(What to work on):
Your task is to restate the listing word for word without the pictures.

(Data block):
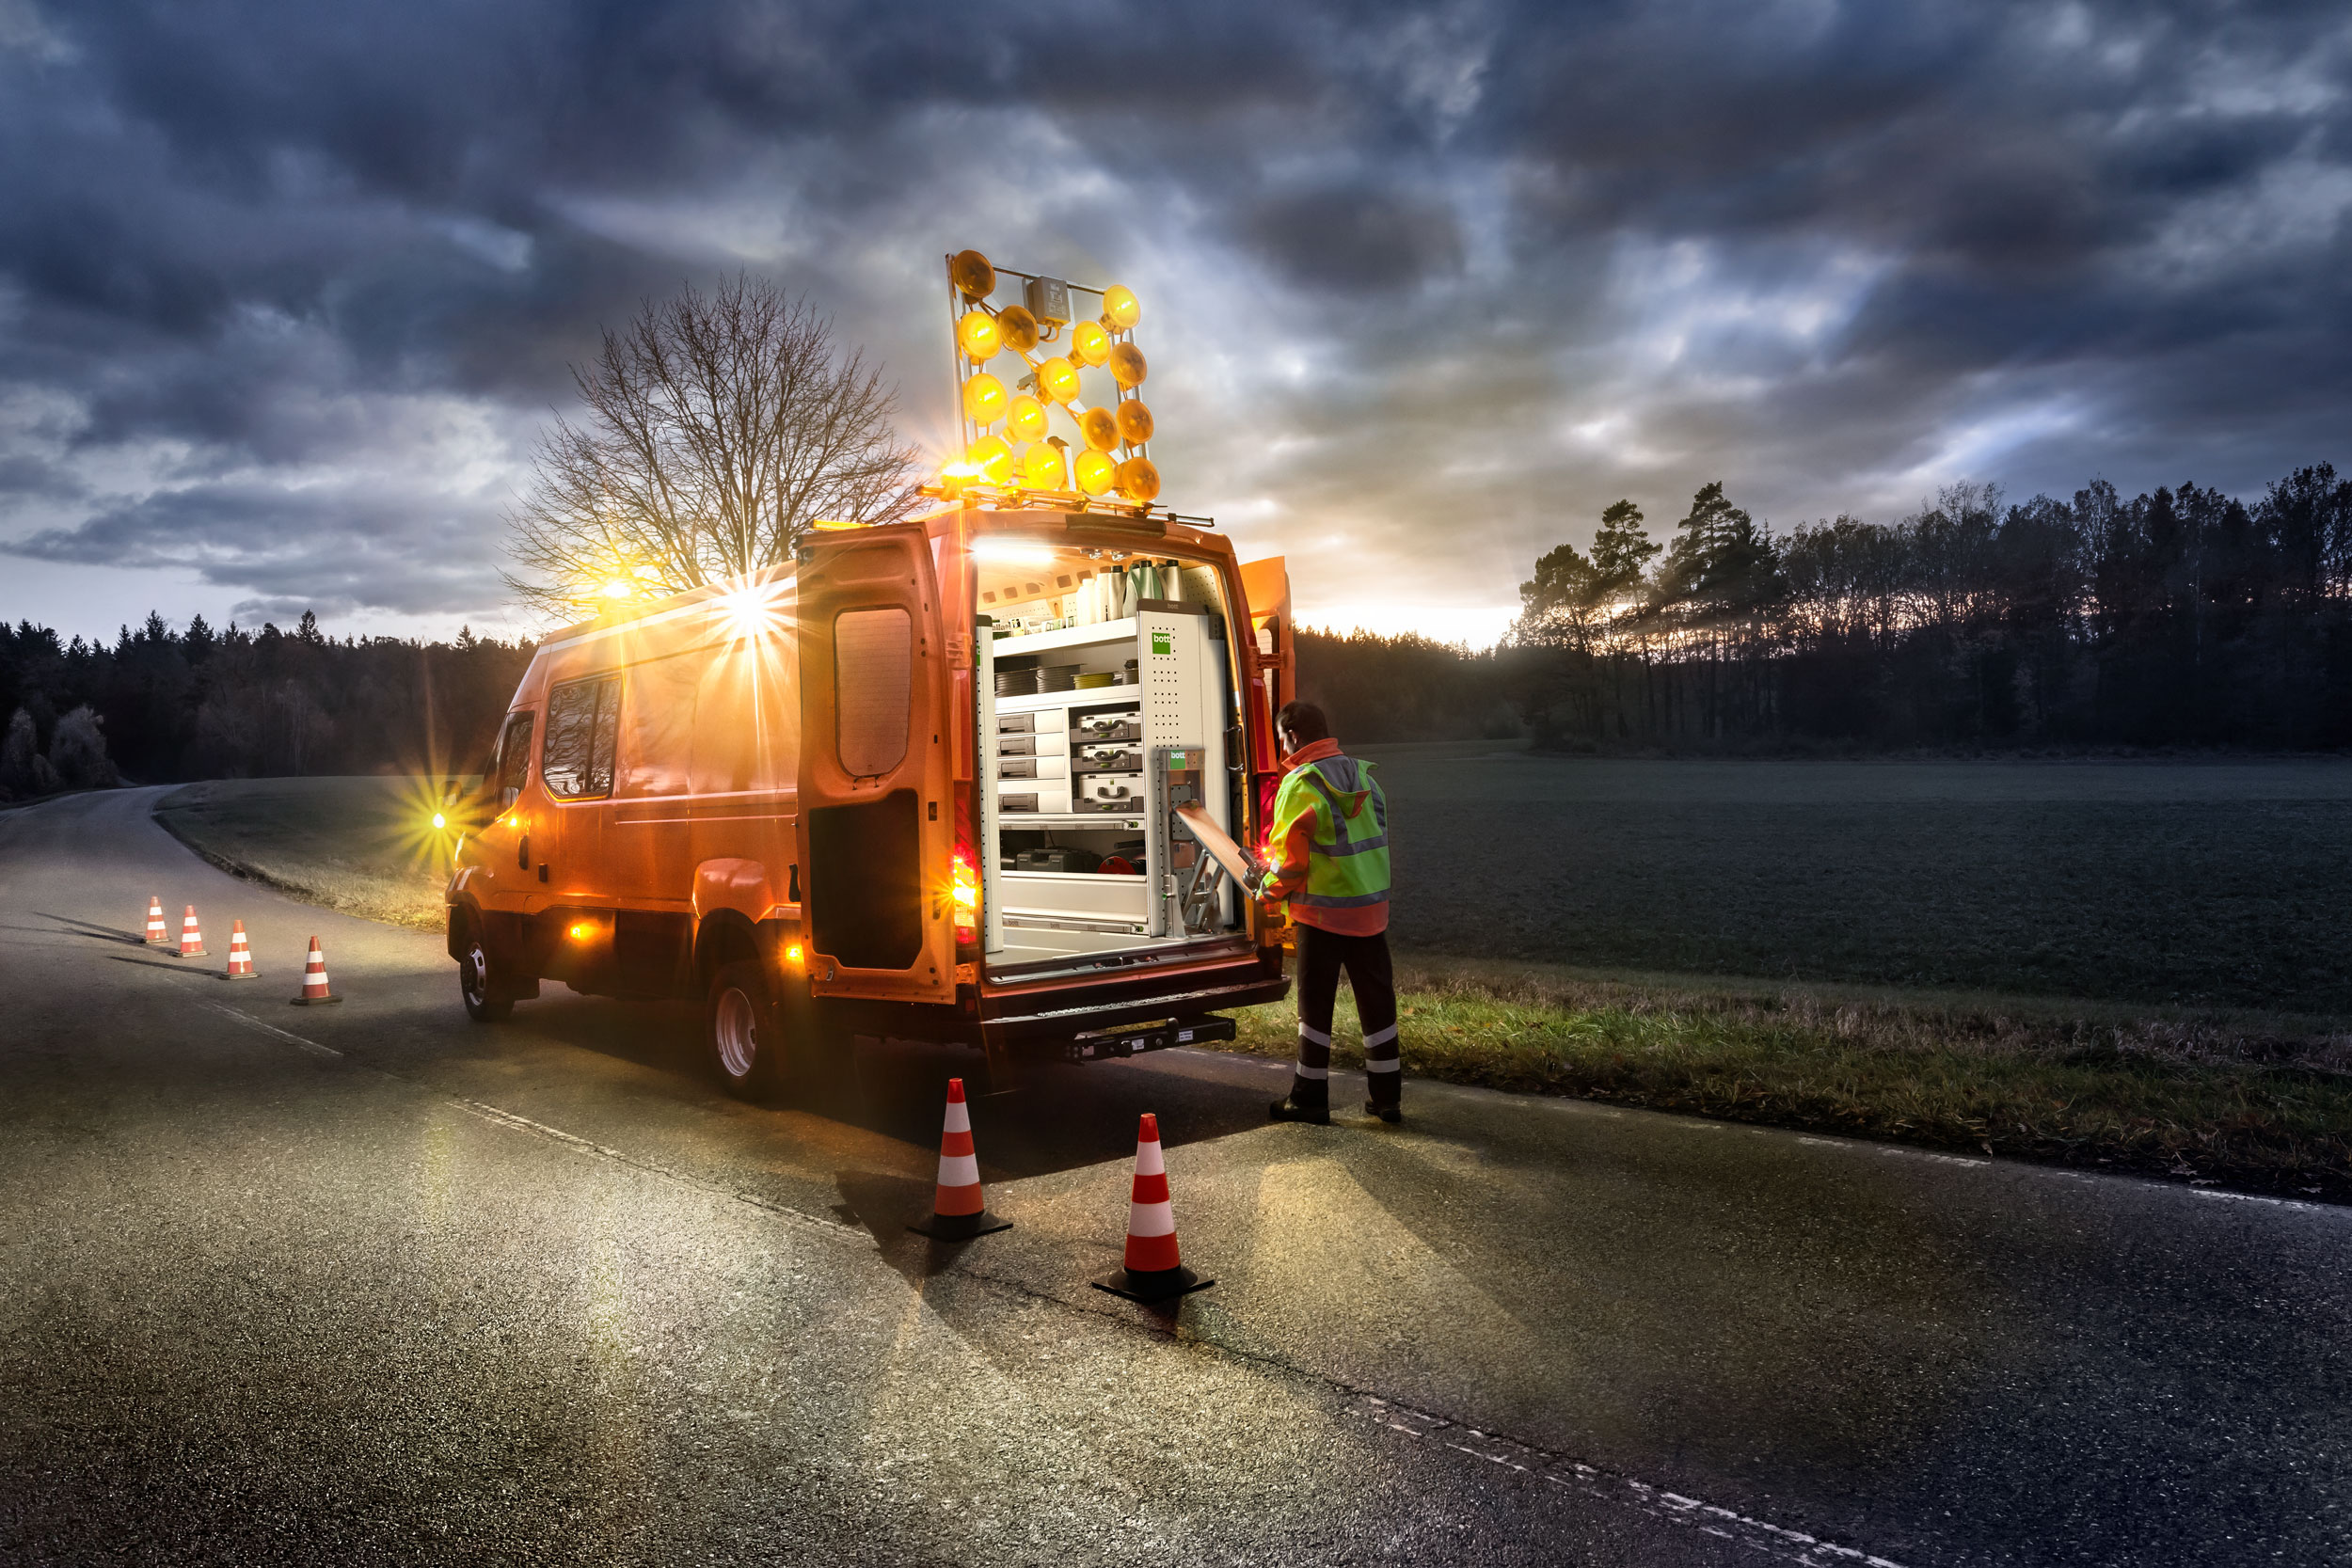 Sur demande, nous intégrons dans votre véhicule de service des solutions adaptées pour l'éclairage supplémentaire : éclairage intérieur, projecteurs de travail ou feux de signalisation de chantier.
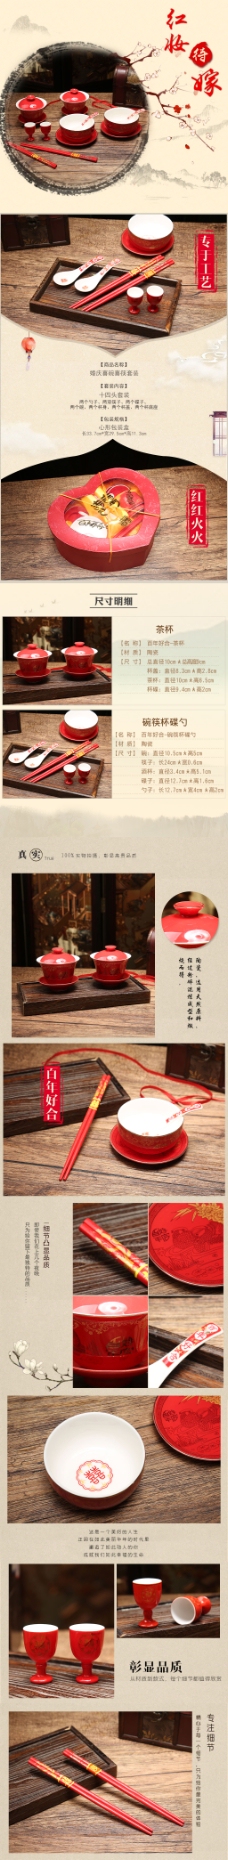 中国风情中国风碗筷婚庆用品详情页模版
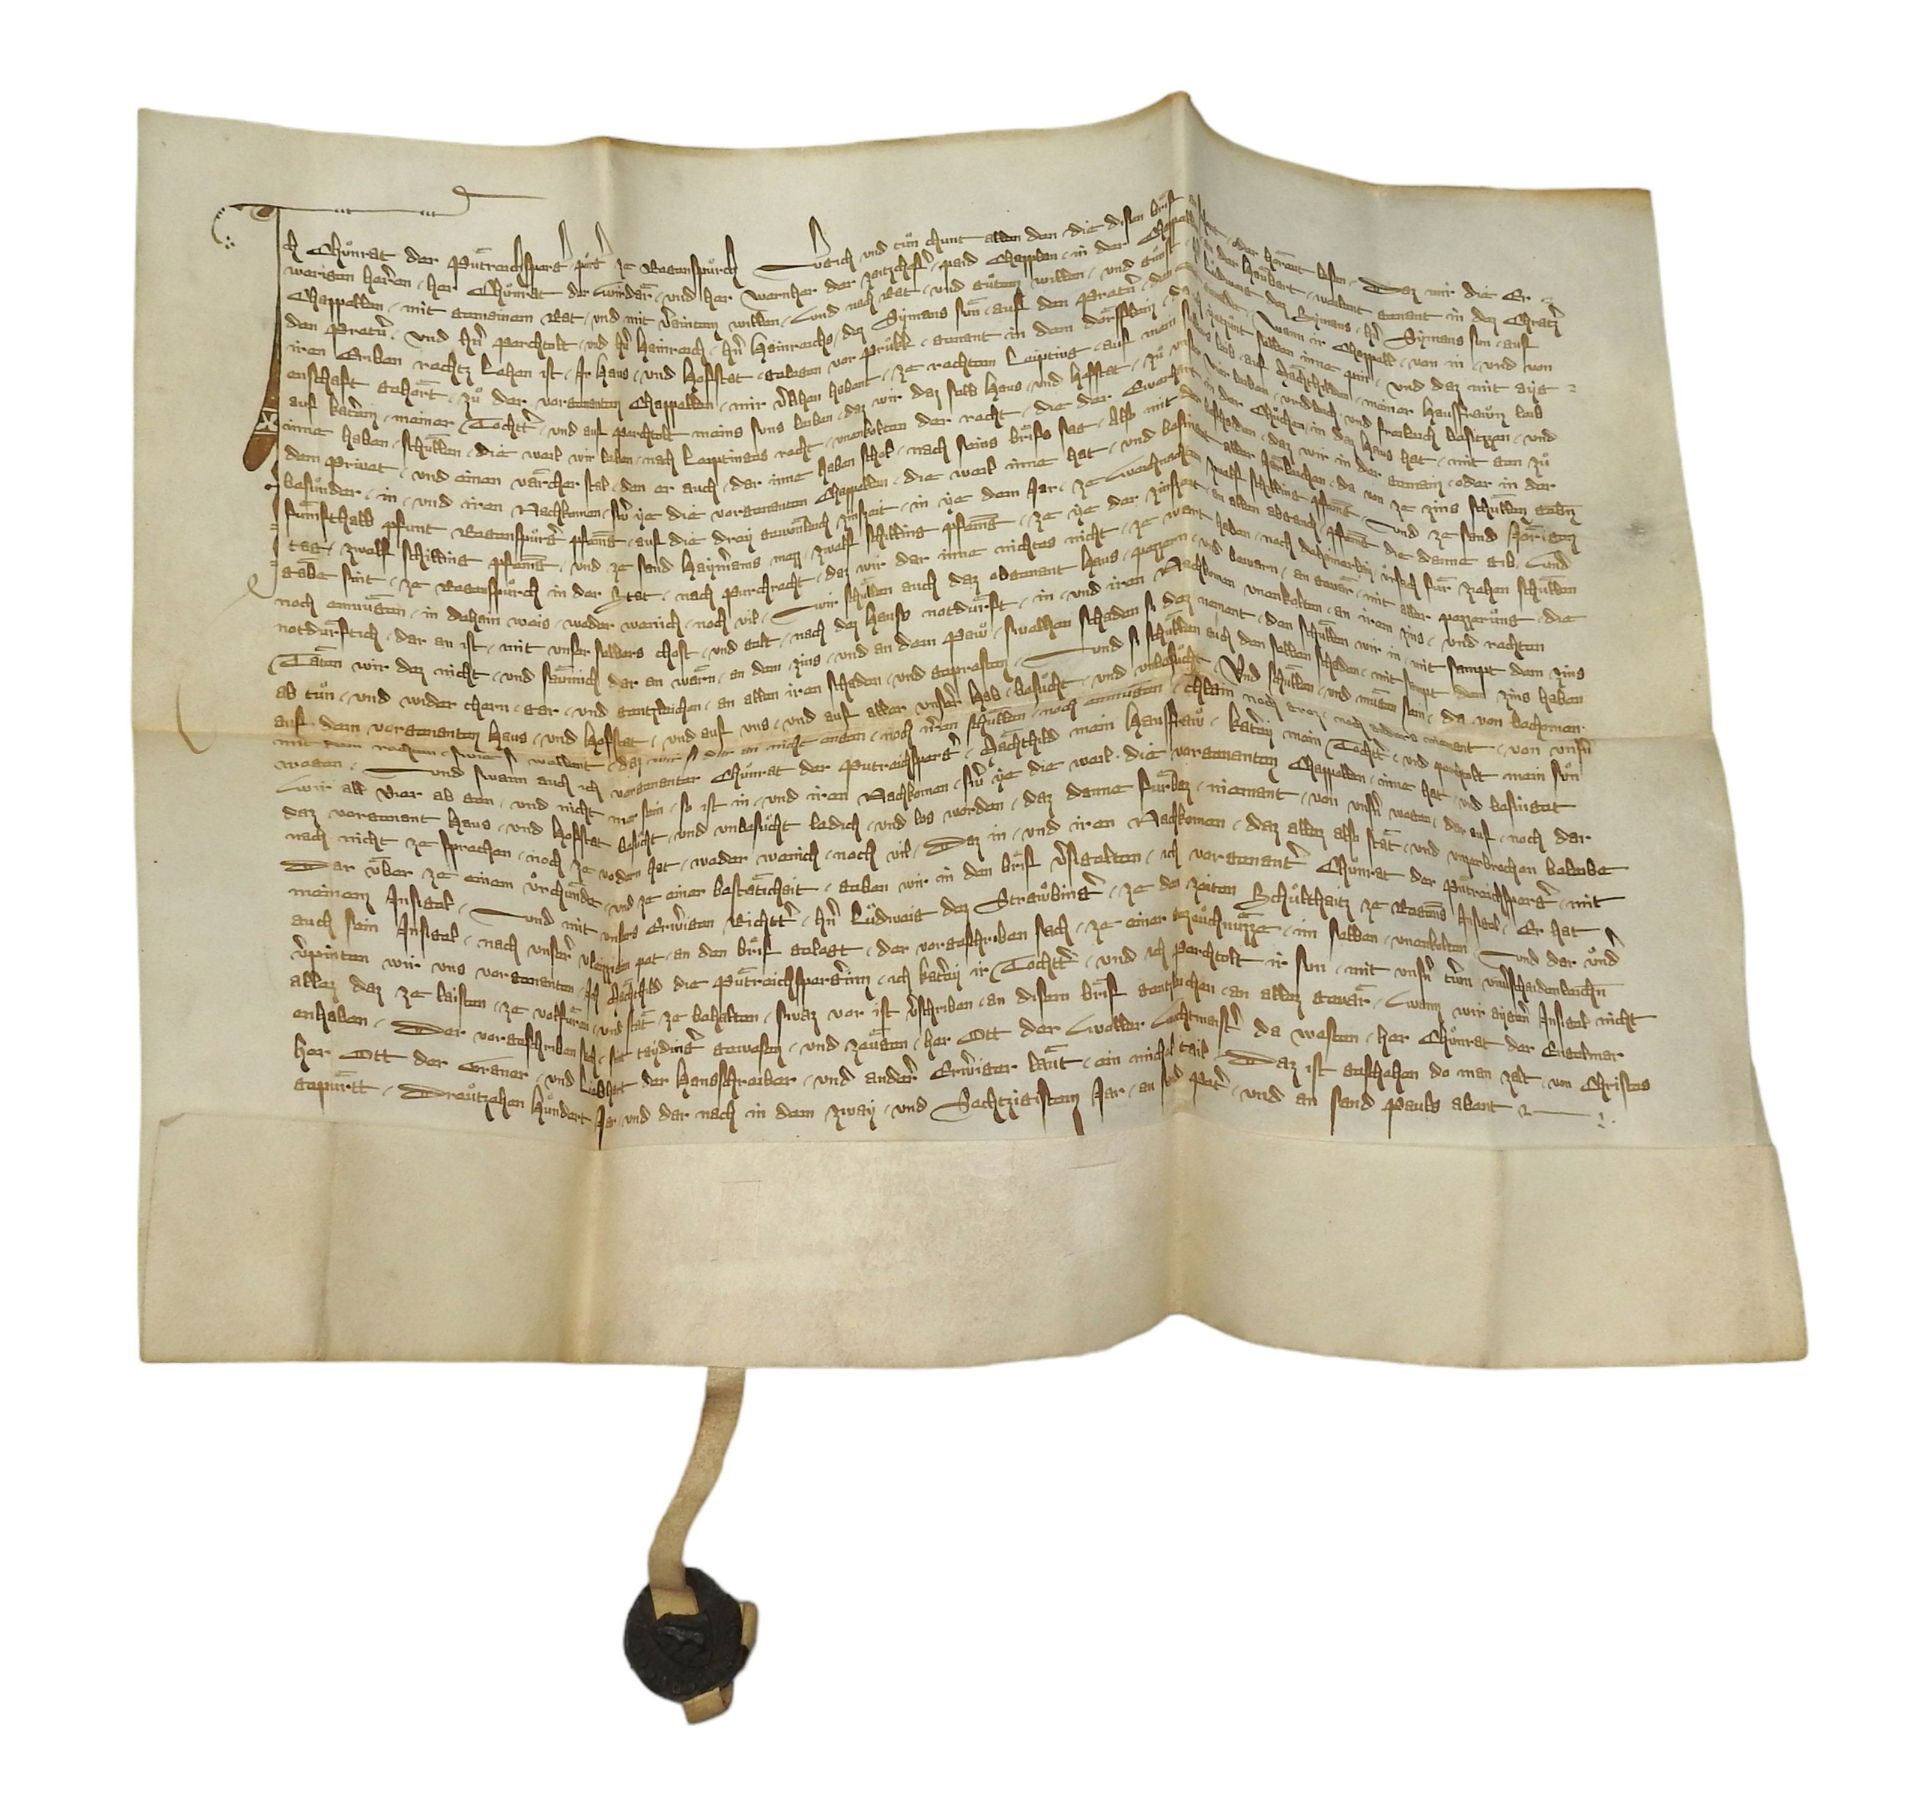 Urkunde aus dem Jahr 1362 zum Haus Heuport, Regensburg - Image 2 of 3

(Written reply):
 Sur demande, nous intégrons dans votre véhicule de service des solutions adaptées pour l'éclairage supplémentaire : éclairage intérieur, projecteurs de travail ou feux de signalisation de chantier.
 中国风情中国风碗筷婚庆用品详情页模版
 Urkunde aus dem Jahr 1362 zum Haus Heuport, Regensburg - Image 2 of 3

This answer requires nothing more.